_Required work_
Within the listing below, give again exactly the lines between the one containing "Design & installation" and the one containing "PINK Mesh Overlay Floral Top, Image 4 of 5", inclusive, pictures left aside.
::: Entries shown :::
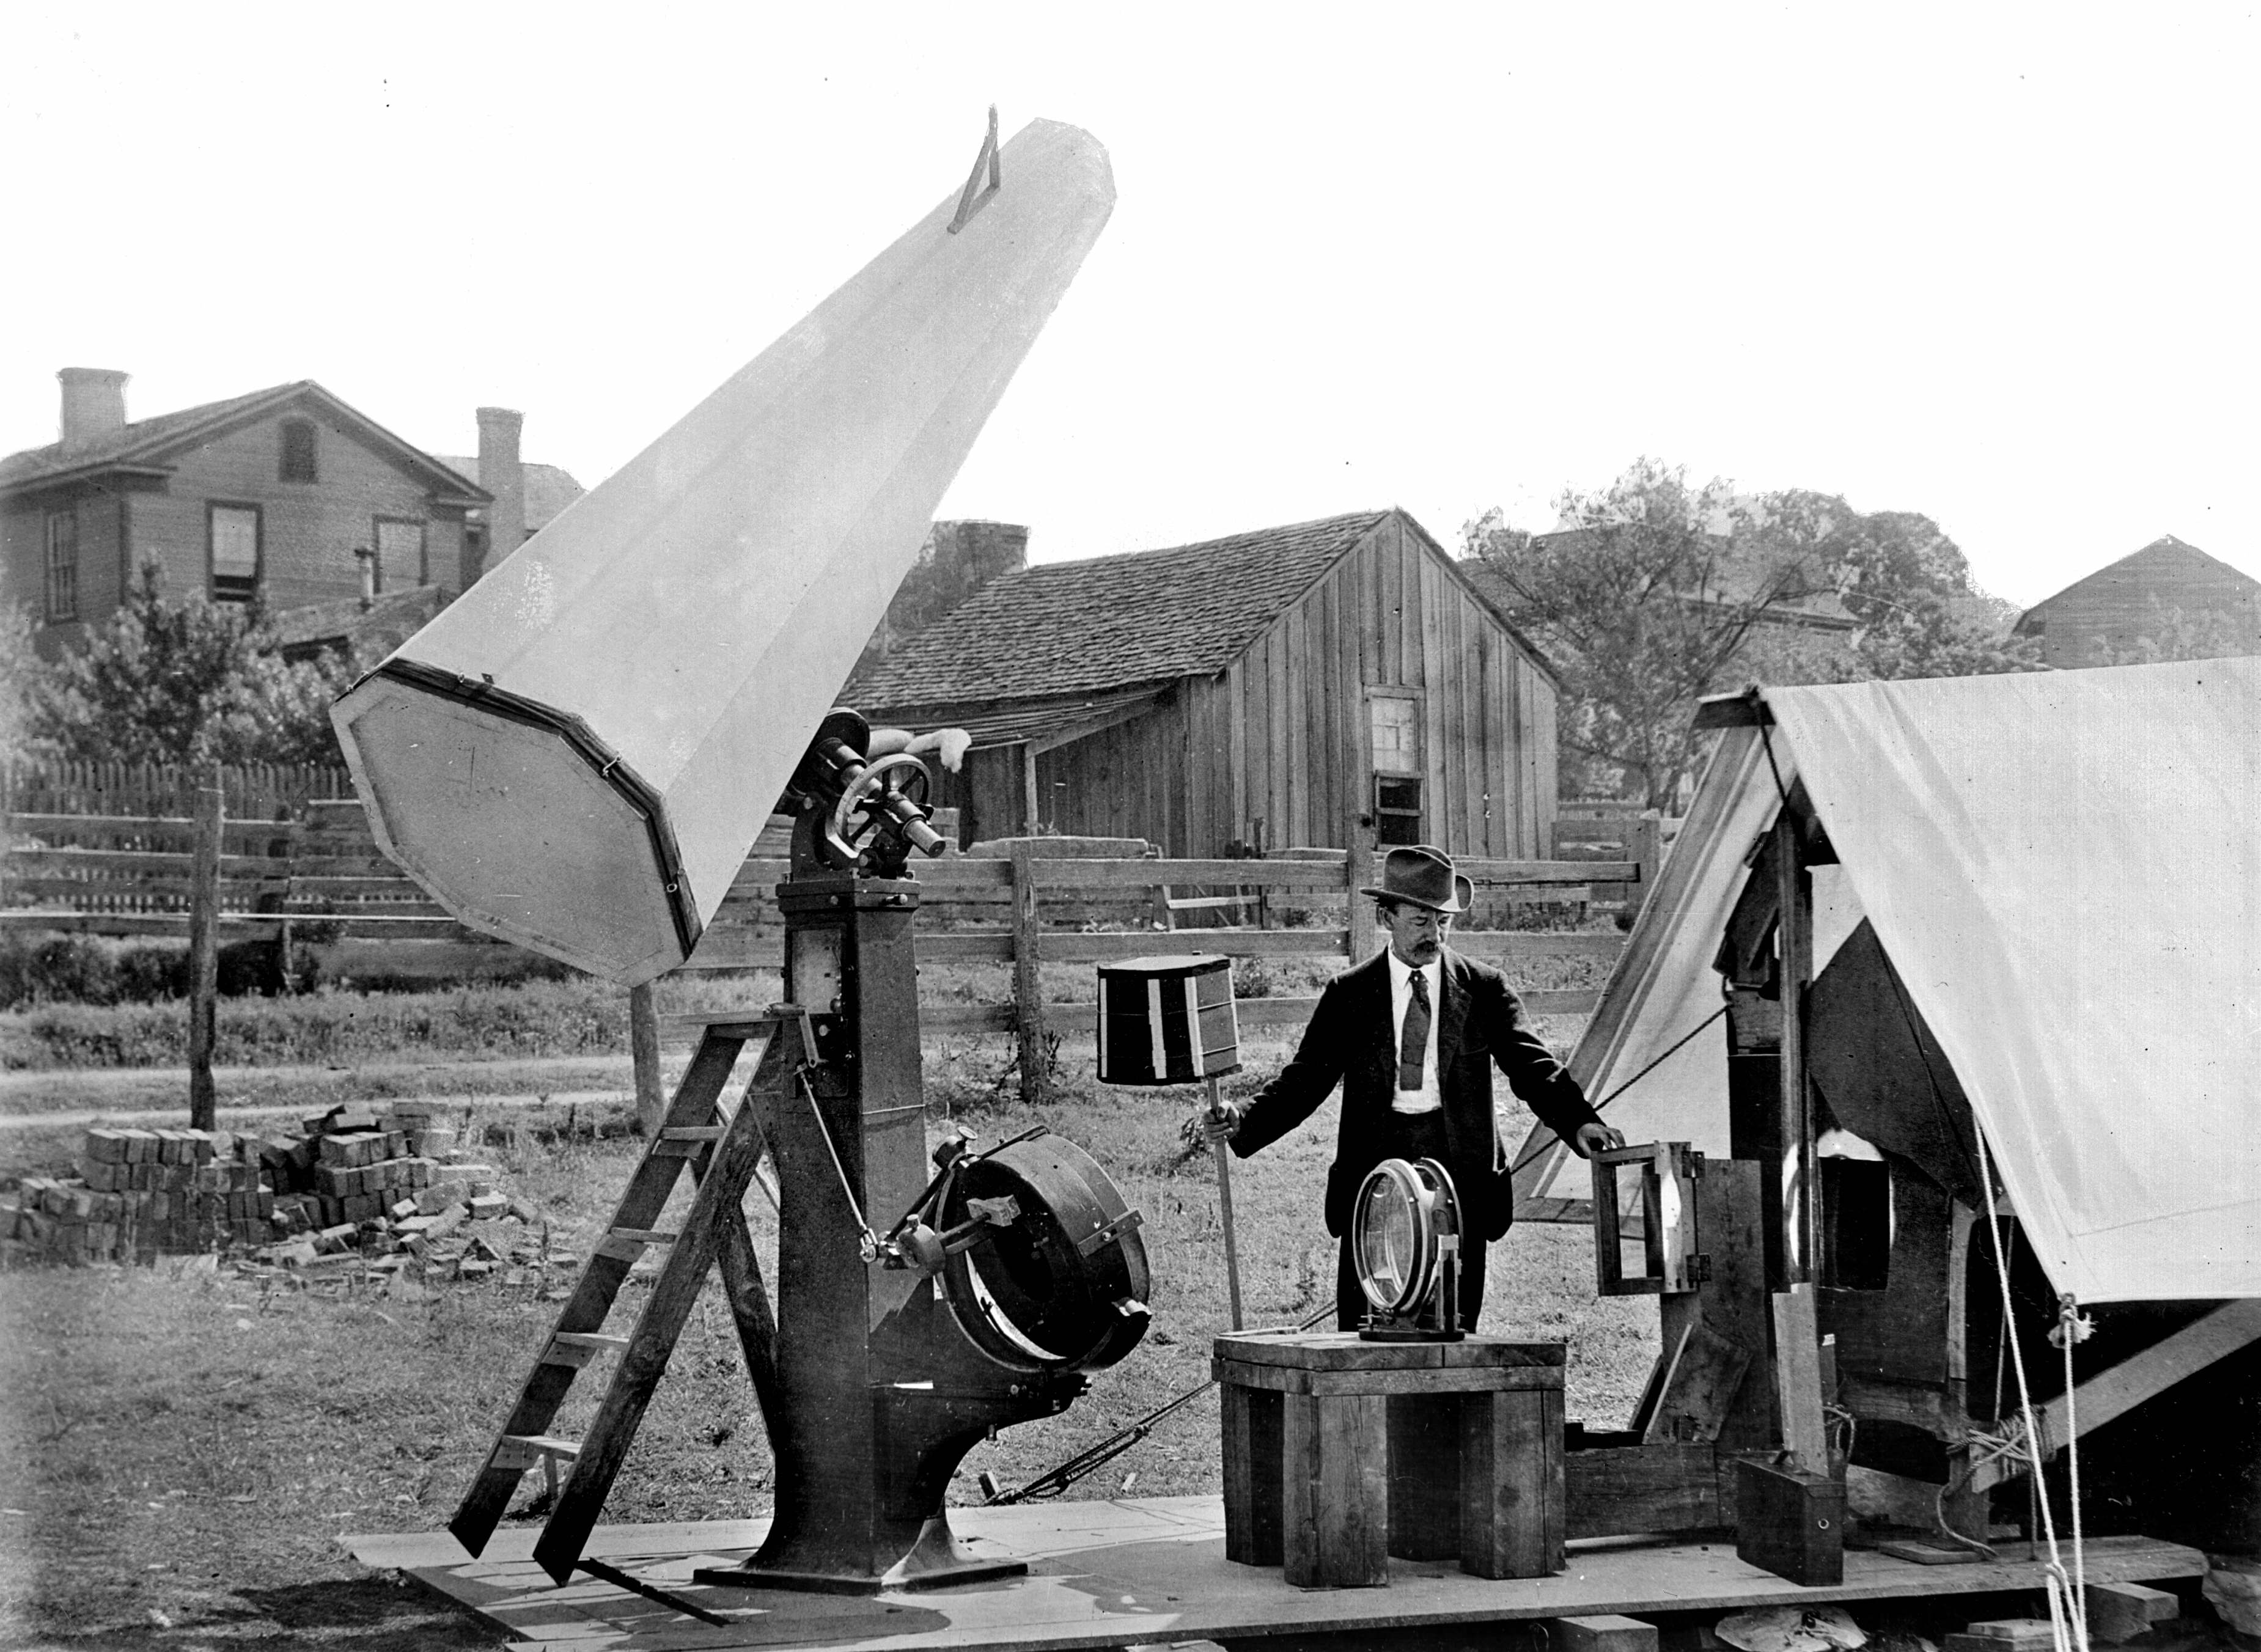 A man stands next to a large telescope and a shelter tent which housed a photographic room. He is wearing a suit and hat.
:::
::: Entries shown :::
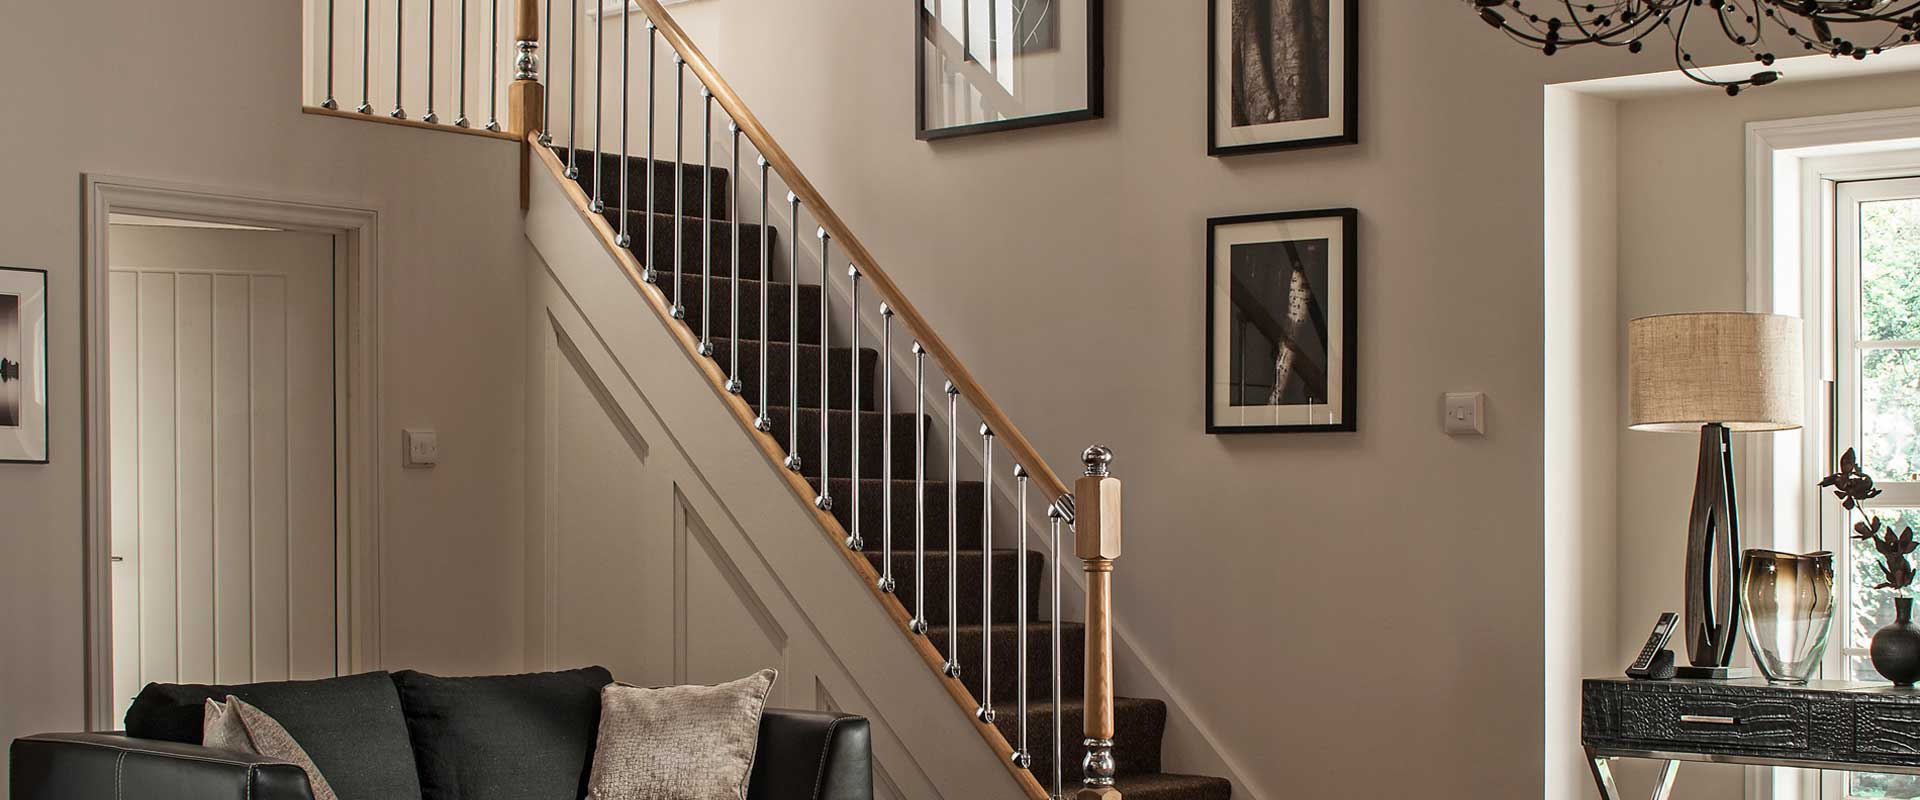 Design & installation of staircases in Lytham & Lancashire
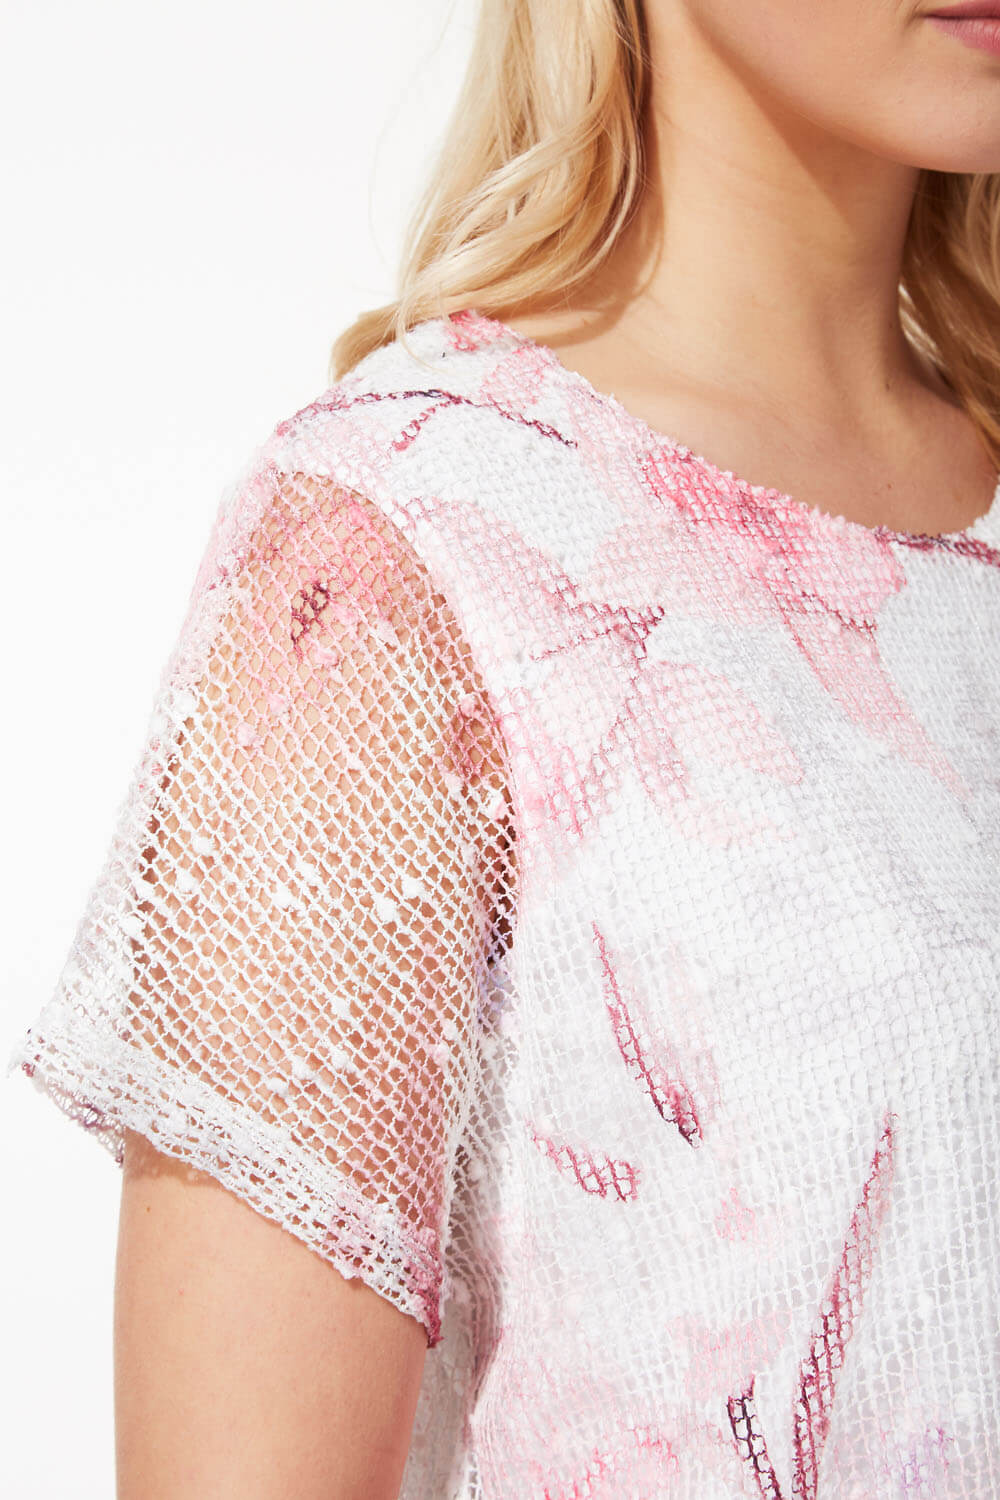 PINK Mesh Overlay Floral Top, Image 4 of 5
:::
_Solution to this exercise_
 Design & installation of staircases in Lytham & Lancashire
 PINK Mesh Overlay Floral Top, Image 4 of 5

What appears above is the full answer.